内部のみリフォームしているようで、内装は、あくまで外観に比べればだが小ざっぱりしていた。

 診察をしたのは、院長と名乗る人だった。
その見た目は老け込んでいて、カーネル・サンダースを純和風にしたような風体に、ヨレヨレの白衣を着ていた。そして鼻の頭が、志村けんのコントに出てくる医者のように赤くなっていた。

 自己紹介もそこそこに、「今から診るんでね」と不躾に言うと同時に患部を見た。そして、3分ほど問診をされた後、なぜか別の持病についてニヤニヤしながら説教や不要な質問を10分ほどしてきた。当時はそういった言葉は聞いたことがなかったが、今振り返るとドクターハラスメントというやつかもしれない。
世間知らずな僕でも、何か怪しいなと思い始めた。

 診断が終わると、その院長から思いがけない言葉が飛び出した。
「原因はわからないし、何の病気かもわかりません。とにかく経過をみるために今日から入院だね」とのことだった。

5.
 入院…?全く意味が分からなかった。無知な16歳の頭でも、想像するに抗生物質や薬をもらったり、あるいは手術をしたり、という流れになると思った。
何より、病名がわからないというのはどういうことなのか……
少なくとも病名がわからないと、自分が童貞で終わるのか終わらないのか!?当時の自分にとっての一番の関心事についての心配事が一切解決していない。あるいはベテランの医師でもわからないほど、僕は重篤なのか…

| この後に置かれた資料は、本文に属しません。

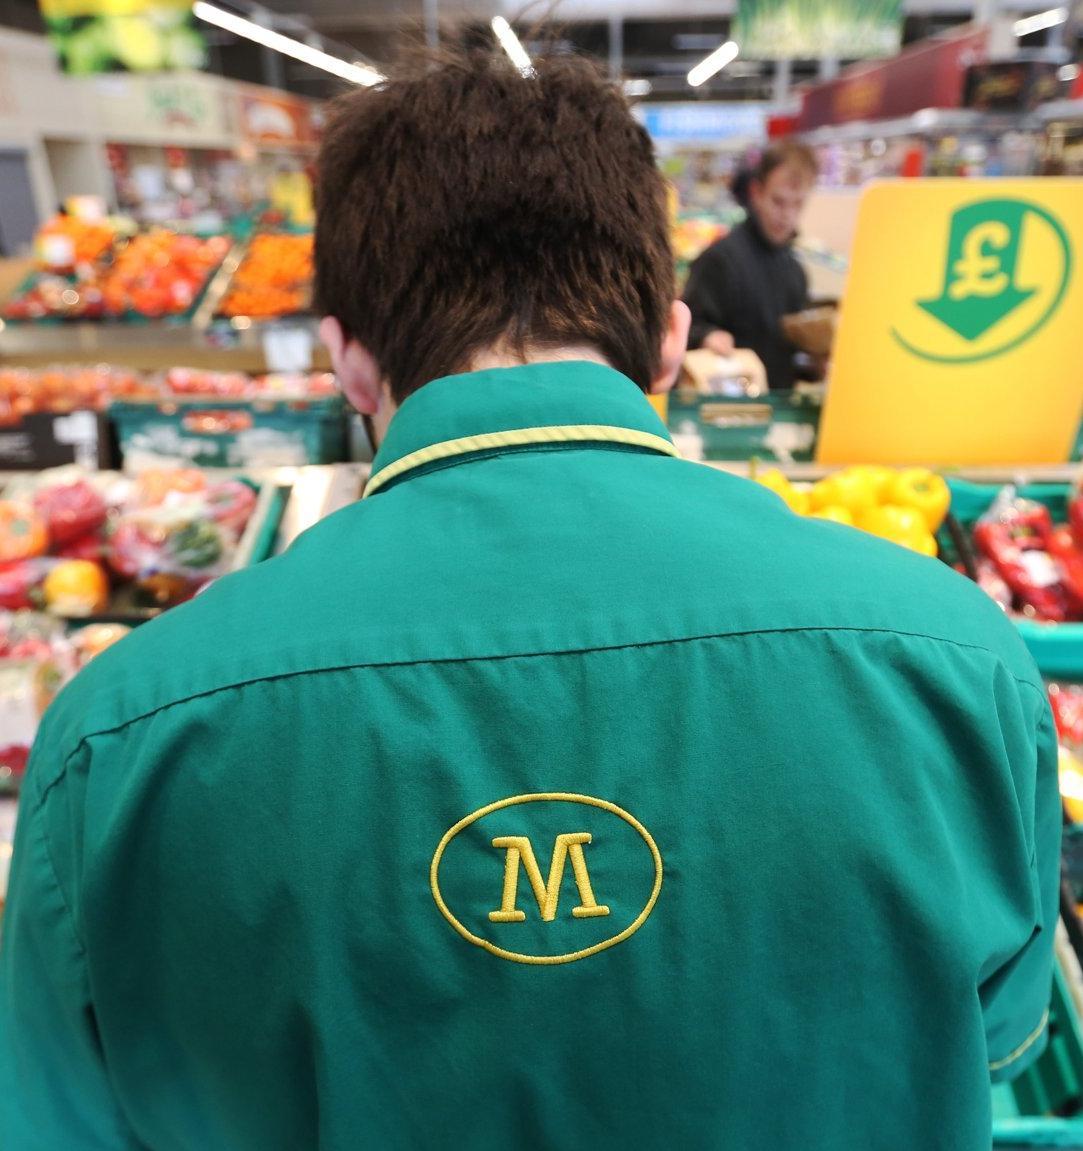 Британский супермаркет будет продавать овощи и фрукты без пластиковой упаковки

 いずれにしろ、入院となると色々と準備が必要だ。検査入院ということであれば一日二日で帰れるだろうと思い聞くと、「一週間の入院が必要」とのこと!
何故一週間も必要なのか?何度か確認したが、答えは入院が必要の一点張り、そしてのらりくらりとかわされてしまい、結局言いくるめられてしまった。そこを強固に問いただすような気力を16歳の少年は持ち合わせていなかった。言われる通りにするしかない。

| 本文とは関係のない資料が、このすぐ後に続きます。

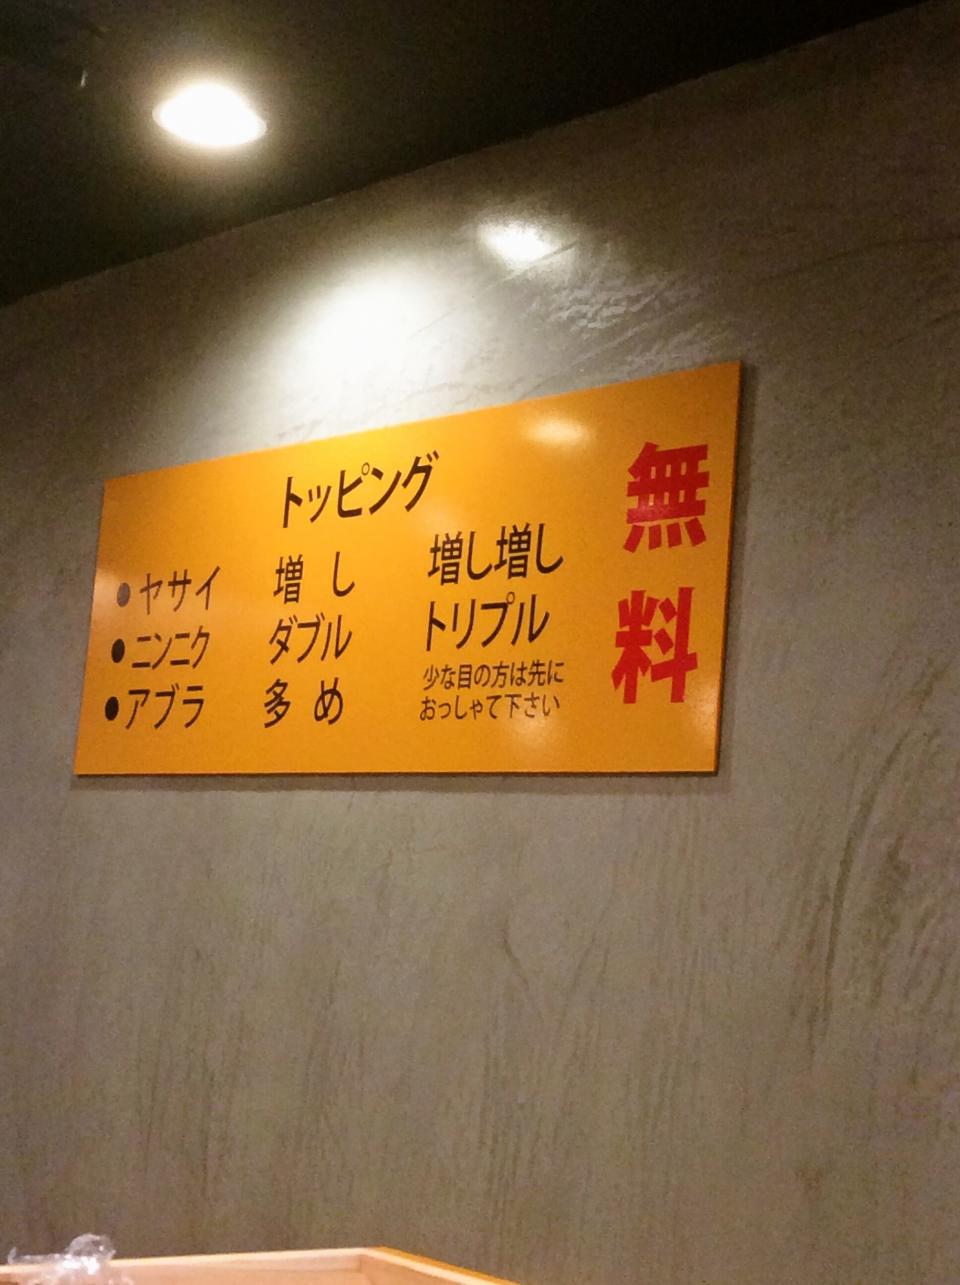 ジロリアン(店舗外観)

 両親に、入院が必要と言われたということを連絡した。一週間という期間も告げると、たいへん驚いていた様子で「明日か明後日にそちらに向かう」と言っていた。
担任の先生に、必要なものを寮から持ってきてもらい、とにもかくにも入院生活が始まった。その夜は気疲れもあり、すぐに寝てしまった。

6.
 次の日の朝から、何か治療や問診があるかと思い待っているが、特にそういったものはない。経過を診ると言っていたが、特に患部について何か調べにくるような様子もない。
投薬などもされていないため、原因がわかるはずないし何の治療にもなっていないのでは…ということを、当時の未熟な知能でも薄々感じ始めていた。ただただ病院の薄味の食事を食べているだけの時間がいたずらに過ぎていった。それでも野良犬の生姜焼きよりはマシな味だった。

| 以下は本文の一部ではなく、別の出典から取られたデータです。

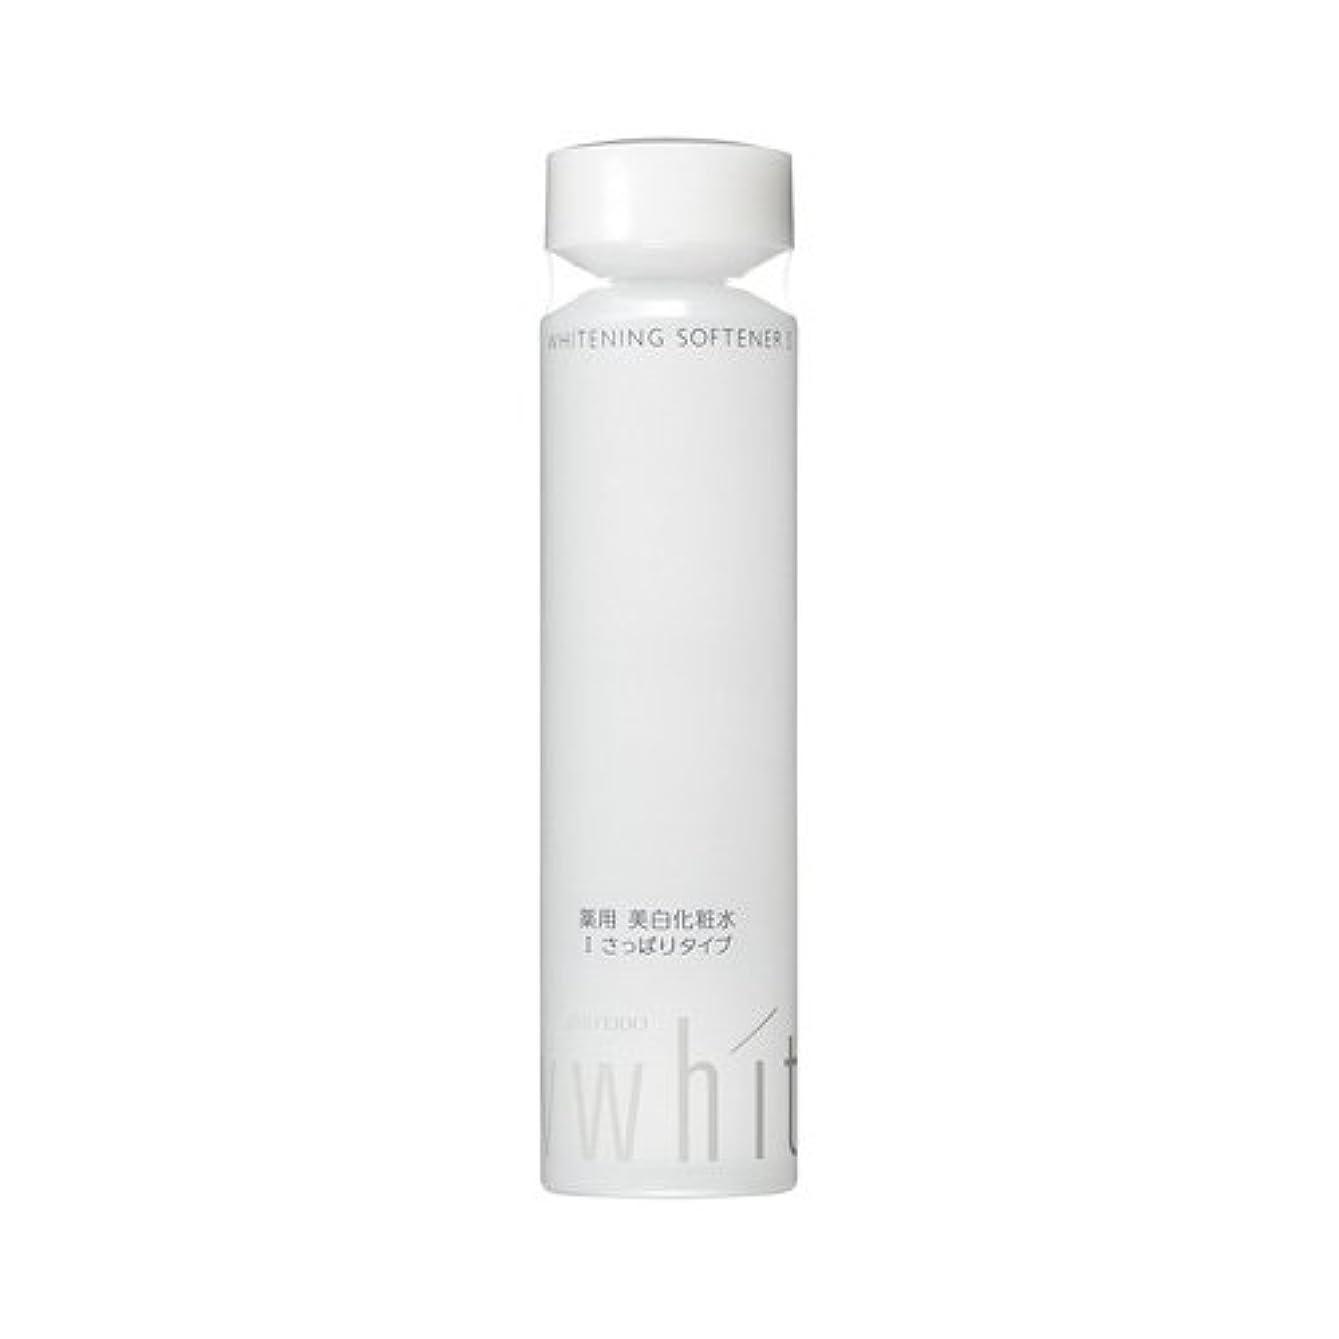 トロリーバスコミット大統領【資生堂】UVホワイト ホワイトニングソフナー1 150ml

 僕にあてがわれたのは2人用の病室で、同室の人は気の弱そうな、よく言えば柔和でやさしそうな70歳ぐらいのおじいさんだった。
前日の夜に「…おお、よろしくね」と声をかけられて、「よろしくおねがいします」と会話したっきり、おじいさんは基本的にずっと眠っている。
食事のときにやっと目を覚ましたが、僕が基本的にベッドのカーテンを閉めていることもあり、特に会話らしい会話はなかった。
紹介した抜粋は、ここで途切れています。